Dr. Robert Emmons, is a researcher and professor of psychology at the University of California. He believes he knows what gives life meaning: pure and simple gratitude. He writes, “Without gratitude, life can be lonely, depressing and impoverished. Gratitude enriches human life. It elevates, energizes, inspires and transforms. People are moved, opened and humbled through expressions of gratitude.”
“Unfortunately, cultivating an attitude of gratitude isn’t easy. We must be willing to recognize and acknowledge that we are the recipients of an unearned benefit. This is especially rare among middle-class high school and college students who’ve grown up in a world that’s revolved around them, [in a world that lets them create a grand persona on social media]; one that repeatedly communicates they are “awesome” and deserve trophies just for playing. This world actually cultivates a sense of entitlement. It creates a sense that we deserve anything good we’ve received. It is, in fact, contrary to the growth of a spirit of gratitude. Entitlement is virtually the opposite of gratitude: as [we] feel more entitled, [our] gratitude shrinks in proportion.”
A few years ago, corporate executives were asked what single word best describes the recent college graduates entering their workplace. The word they selected? Entitled.
A University of New Hampshire management professor, Paul Harvey studied entitlement and narcissism in adults born in the 80’s and early 90’s and concluded that “As a group, millenials are adorned by a “very inflated sense of self” that leads to “unrealistic expectations” and, ultimately, wraps them in a robe of “chronic disappointment” with embellishments of anger, impatience, cynicism, resentment, criticism, and ingratitude.

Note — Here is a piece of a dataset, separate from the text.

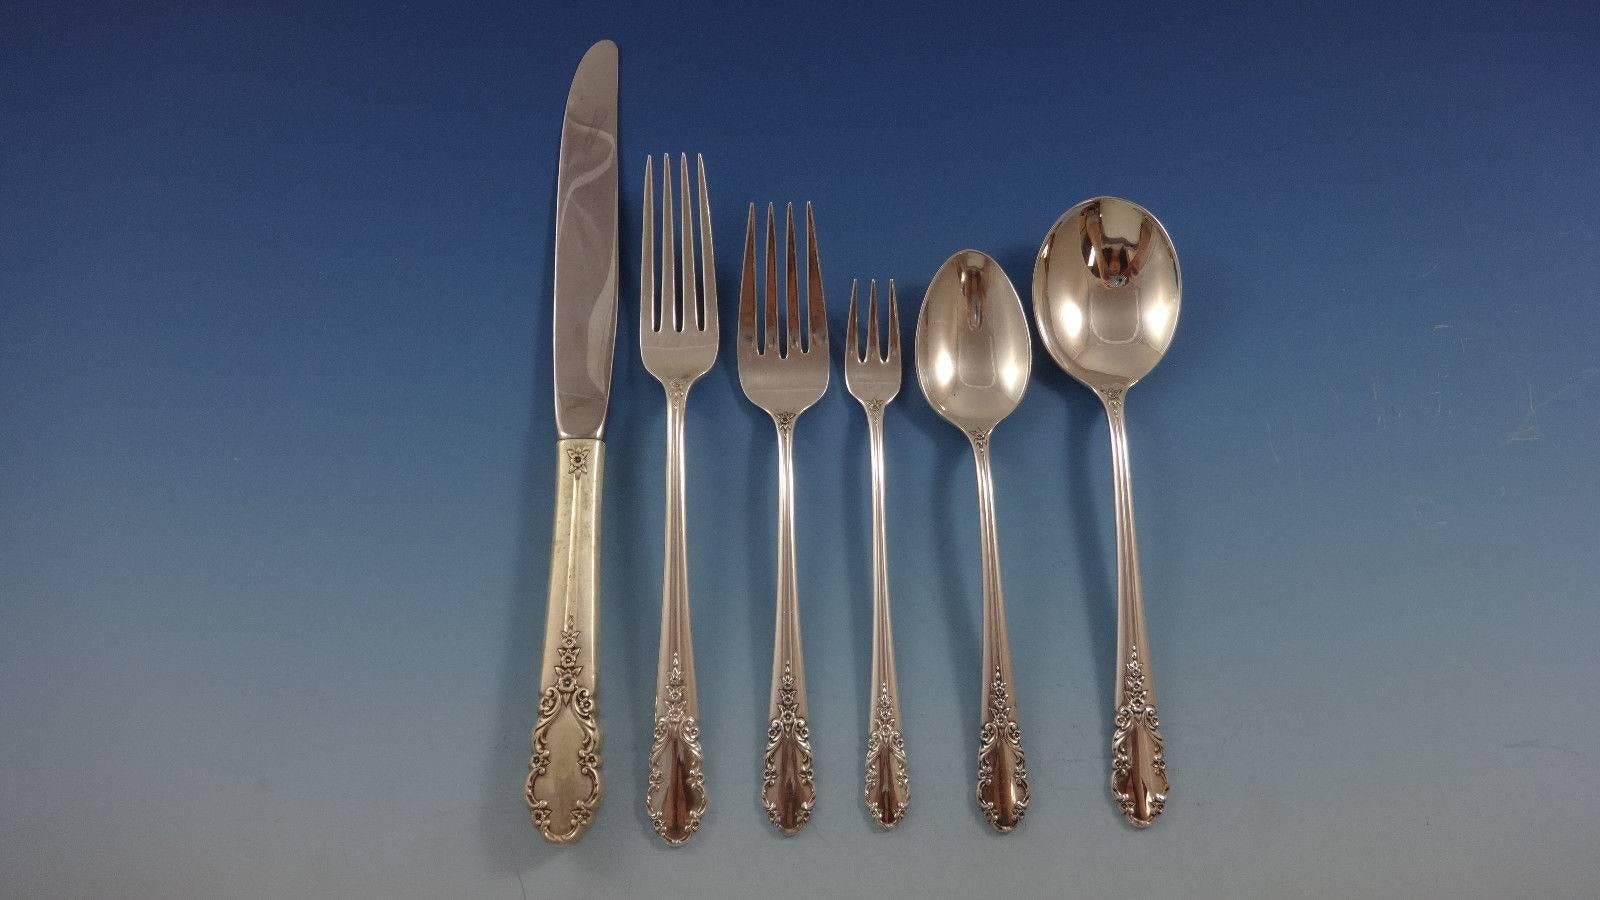 Bridal Veil by International sterling silver flatware set, 79 pieces. This set includes:

12 knives, 9 1/4

Our response to God’s invitation should be one of great joy – drop everything and run, and one of deep gratitude – we don’t deserve this grace. The prophet Isaiah responds to God’s invitation saying, “I delight greatly in the Lord, my soul rejoices in my God for he has clothed me with garments of salvation and arrayed me in a robe of righteousness.”
That man standing there in the middle of the wedding banquet wearing his own clothes didn’t feel like he needed the king’s garments of salvation or robe of righteousness. But he did, and all he had to do was accept the invitation and put on the robe at the entrance to the feast!
I think this parable bothers me because I know I could be that man. I could stand there and not realize the grace that brought me there. I could stand there and let myself believe I deserved to be there. Entitlement is an obstacle to a life of grace and gratitude. So, how do we keep our sense of self-worth and entitlement in perspective? By practicing gratitude. By saying “thank you.”
Try it one day this week. Say thank you to every person who does something for you. At the end of the day, list all the things that you enjoyed in your day that you did nothing to deserve – maybe it will be that all the lights were green down Poplar, or you shared a laugh with a co-worker. Then, write down one thing you are grateful for and write beside it, “Thank you, God.” You might find that you want to try it again the next day…and maybe the next.
Friends, hear the invitation: You are invited! You are invited to a joyful feast! What radical grace! You are invited to the king’s banquet! A robe is prepared for you. Will you come? Will you wear it? How could we not be grateful? What an incredible invitation! Thank be to God. Amen.